Put yet another way, while in practice any changes in trade patterns – including, but by no means limited to, those changes made possible by a freeing of trade – always destroy some particular jobs and often result in a short-run net decrease in jobs, the net decrease in jobs is not a long-run phenomenon. Minimum wages, in contrast, not only destroy some particular jobs, but the net decrease in jobs caused by minimum wages is permanent (or, rather, lasts for as long as the minimum wages remain in effect at their current levels). Any net decrease in jobs caused by free trade is a short-tun phenomenon. In the long run free trade has no effect on the number of jobs. In contrast, minimum wages reduce the number of jobs even in the long run.

Put yet another way, one of the chief ways that free trade creates benefits is by shifting employment, often with a short-run decrease in the net number of jobs in the domestic economy. But minimum wages create what benefits they create only by reducing employment, always with both a short-run and a long-run decrease in the number of jobs in the economy (or a worsening of many jobs for the lowest-skilled workers).

UPDATE (February 13, 2021): To be more precise about the effect of minimum-wage legislation on the number of jobs, I add that in principle minimum-wage legislation destroys some number of the precise kinds of jobs that low-skilled workers hold before any unexpected increase in the minimum wage.

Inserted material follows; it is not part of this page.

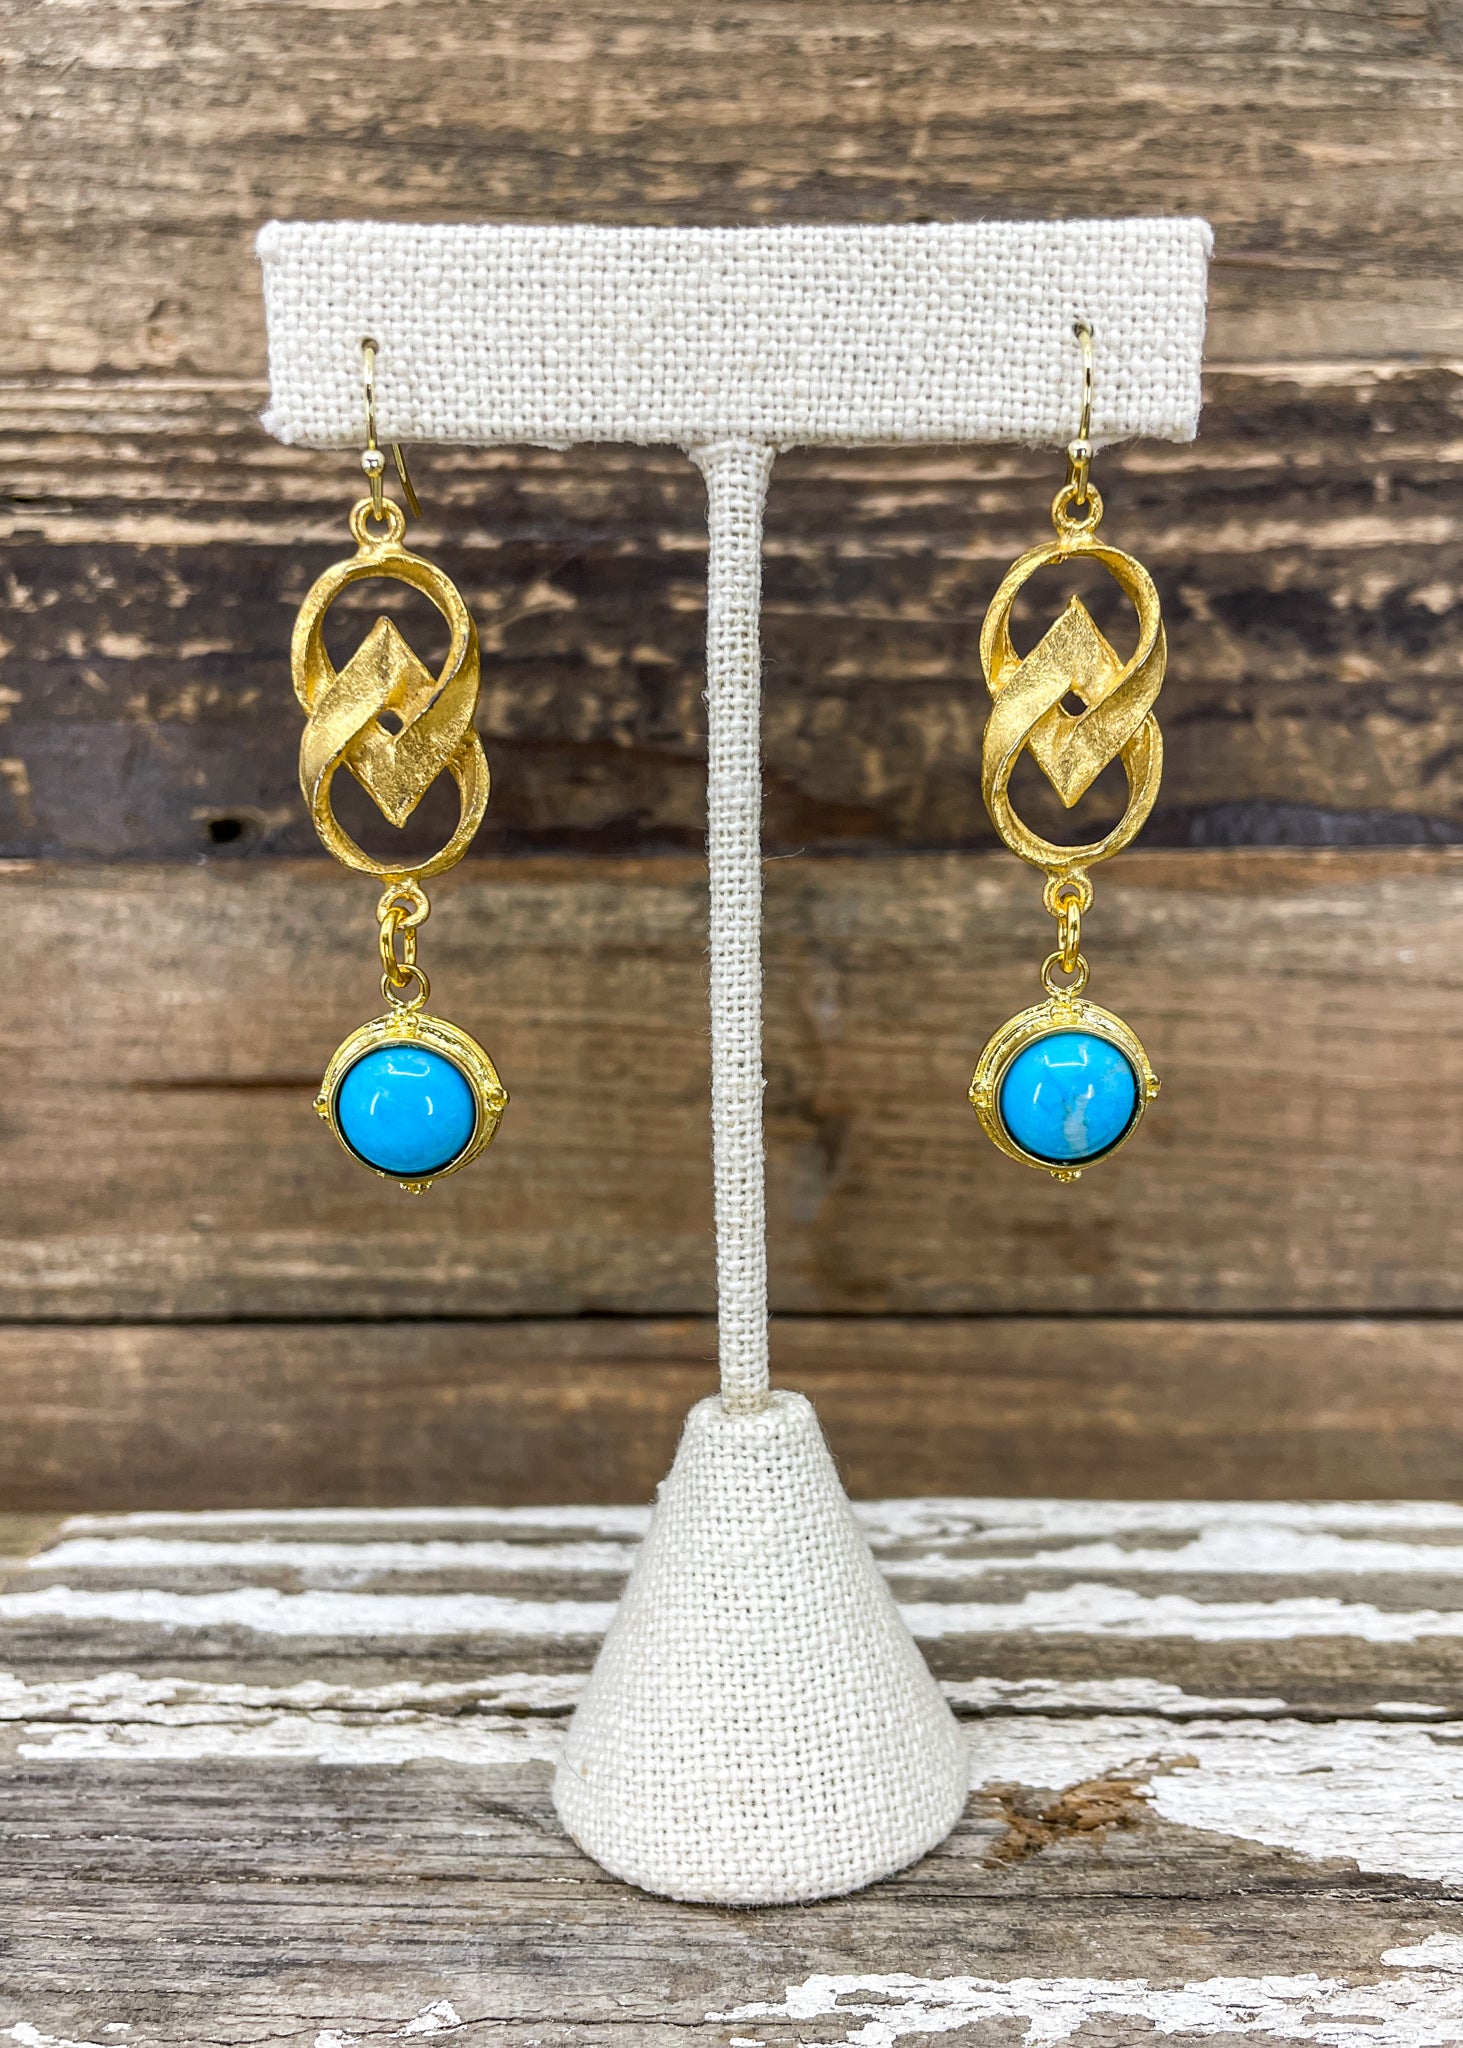 Vintage Gold & Turquoise Earrings

As argued by many (and by Jeffrey Clemens most recently), among the negative consequences of minimum wages is that they cause the nature of low-wage jobs to change. Fringe benefits, such as employee discounts, are reduced; the number of hours worked falls; jobs become more onerous. Technically, these changes are not captured in the standard supply-and-demand analysis used to show the consequences of minimum wages, for among the assumptions of that analysis is that the only feature of the job that changes is the monetary wage.

Also, the reason I used “unexpected” two paragraphs up is this: If an increase in the minimum wage is expected, employers and employees start adjusting to that expected higher wage before the actual increase kicks in. Any post-increase adjustments, therefore, do not reflect the full impact of the increase in the minimum wage.